The place to be: Grand Canyon soccer leads nation in average attendance
Thursday, Sept. 13, 2018
PHOENIX – Grand Canyon University is the definition of a mid-major school. The Lopes, with an on-campus population of about 20,000 students, do not have a football program and the rest of their Division I sports compete in the Western Athletic Conference.
So how does a school with a still-growing athletic profile post some of the most impressive attendance figures for men’s soccer in the country, ranking first among 175 NCAA Division I programs after their first two games of the season?
The answer lies in the school’s student section, the Havocs. The student support group is well known in Arizona, and its reputation is growing nationally.
The Havocs operate more like a family, and it’s a family that has grown significantly in size over the past few years.
“It gets better every year,” said senior Havocs leader Shelby Langston. “Freshman year we started on the practice field, and this year it’s the biggest we’ve ever seen. We beat last year’s student attendance at the first game by 1,500.”
In 2016, the team’s first season at GCU Stadium, the Lopes averaged 2,508 fans a game to rank seventh nationally. The numbers slipped in 2017 to an average of 1,601 per game.
But the Havocs have come out in force in 2018.
GCU broke the school’s soccer attendance record in its opener, against Wisconsin, drawing 6,648 fans. It was the largest crowd ever to attend a college soccer match in Arizona. The crowd surpassed capacity at 6,000-seat GCU Stadium.
Through two games this season, the Lopes rank first nationally in average attendance, drawing 5,025 fans per game.They are 2-0 with both victories against ranked teams and play Loyola Marymount today.
GCU is known for the raucous crowds at their basketball games, which is where the Havocs built that national reputation. But they make sure that every sport on campus feels the same love.
In their yearly March to the Match, the Havocs first stopped in on a volleyball match on campus. Armed with a band, coordinated chants and hundreds of students, they then paraded through campus like it was the Fourth of July before filling up their half of the field at the soccer stadium.
As the band played its version of “When the Saints Go Marching In,” a flood of GCU purple took over the sideline. With just a few feet separating the throng from the field, the energy was palpable.
Coach Schellas Hyndman, who has coached for four decades and has 487 wins, said GCU has the best environment he’s ever experienced.
“At the collegiate level, there’s no place that I can even compare it to,” Hyndman said. “Even as an opposing coach in some great stadiums, I couldn’t match up to what we see here.

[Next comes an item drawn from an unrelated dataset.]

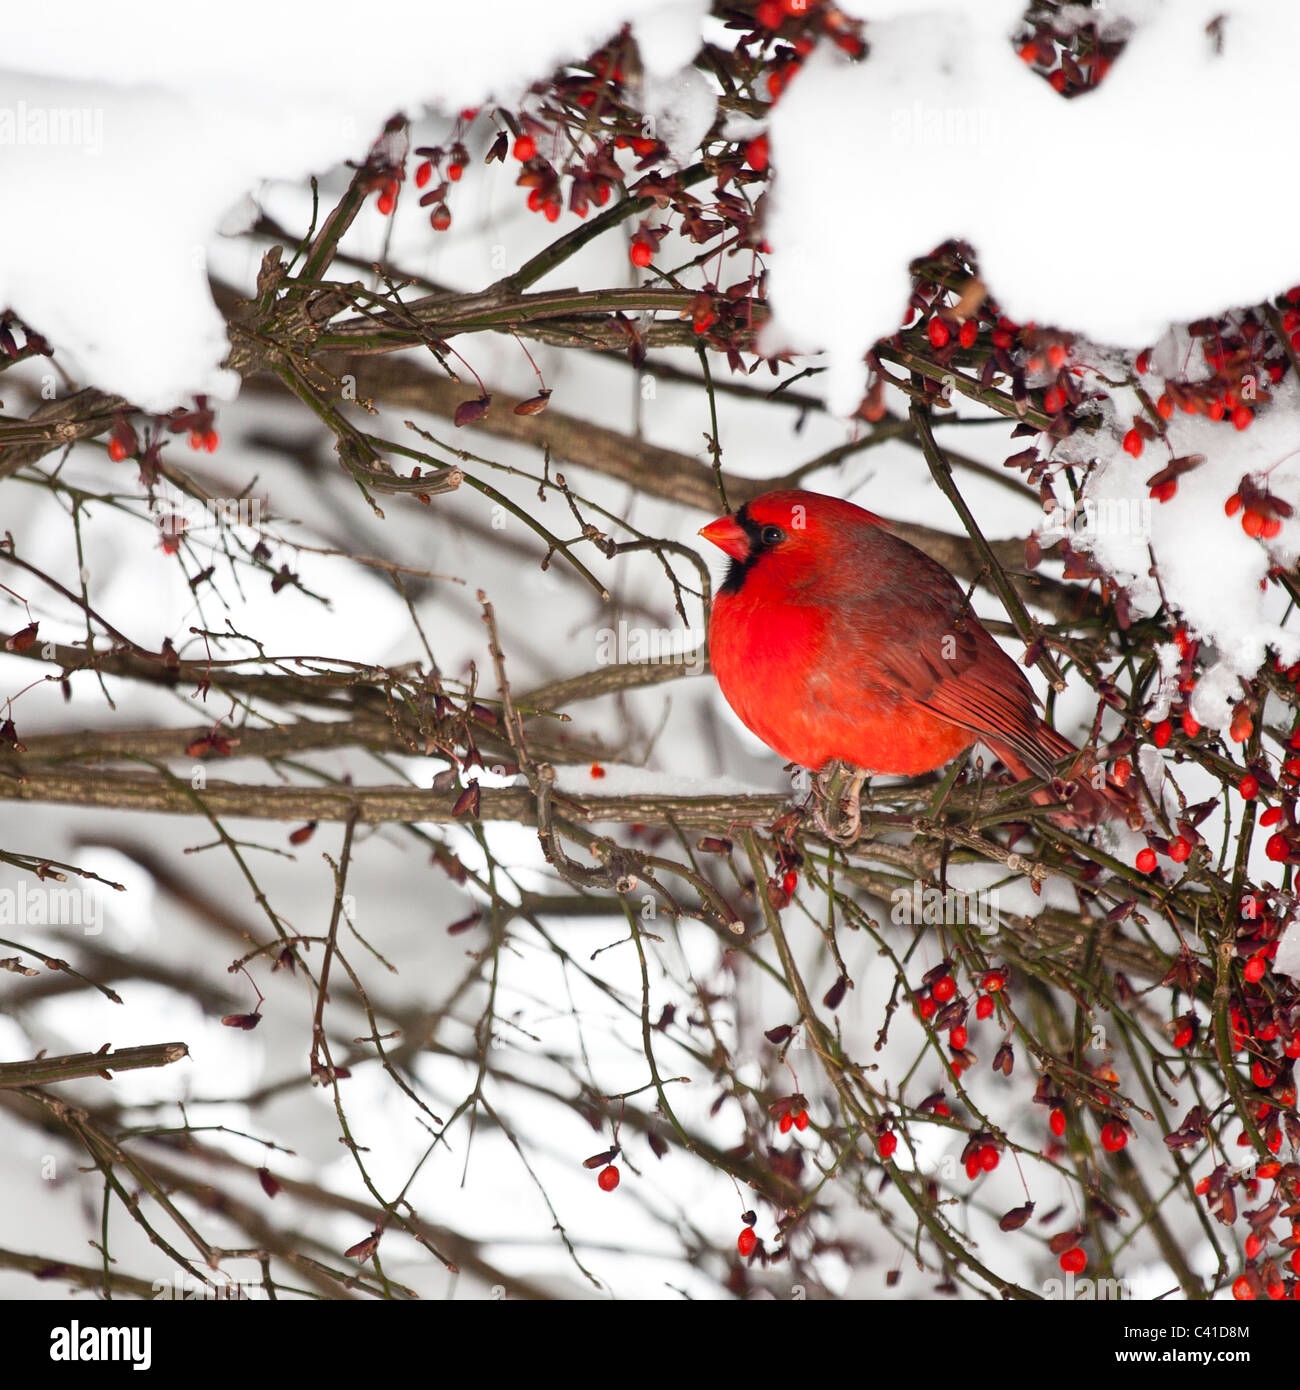 Cardinal in a snowy red berry bush. A bright red Northern cardinal perched in a berry clad bush surrounded by snow. Stock Photo

John Trask, who coaches Wisconsin said, ‘Wow, you really have something special here. It’s amazing.’”
The Havocs have already propelled GCU to two upsets to start the year. The Lopes took down No. 12 Wisconsin to start their season and beat No. 20 Creighton in their second game, thanks to an 81st-minute winner from sophomore forward Jamie Delor.
The players and fans in the Havocs section know the high-energy crowds are affecting games.
“They help push us at the end of games when we need the help the most,” redshirt senior Alex Ramirez said. “We need to keep getting good wins and the fans are going to help us do that. Even on Sunday’s (when) homework is due, let’s try to get them out as much as possible because they’re going to help us. And we try to play for them.”
Senior Jake Bradshaw, who has been with the Havocs since his freshman year and now is a group leader, said it’s important for students to feel involved.
“It’s something that (the students) can actually have ownership over,” he said. “They can all show up to a game, have a blast (and) affect that game, and you can change the outcome. Each and every one of them knows that they affect the game, and that’s just a sense of pride.”
The Havocs’ presence creates a positive cycle with GCU athletics. Along with the in-game atmosphere propelling players on the field, the crowds give coaches like Hyndman a recruiting advantage, which in turn helps the very teams the Havocs are supporting.
“With some of these international boys that we have, we sent them (video of) our first home game. They see it because they’re unable to make a visit,” Hyndman said. “This past week we had five recruits on campus. Three of them are already committed, so they want to be a part of it.”
What makes the Havocs special is the dedication. Teams that aren’t successful or sports that are less popular often get depleted versions student sections at most schools. That’s not the case for the Havocs.
Soccer, for example, won only seven games in 2016 but still finished among the top 10 nationally in attendance. The Havocs take pride in turning out.
“We really try and let every sport have its supporters,” Langston said. “Students are fans of different sports, and sometimes they learn that they love a sport.
“We just keep trying to make it fun at every game.”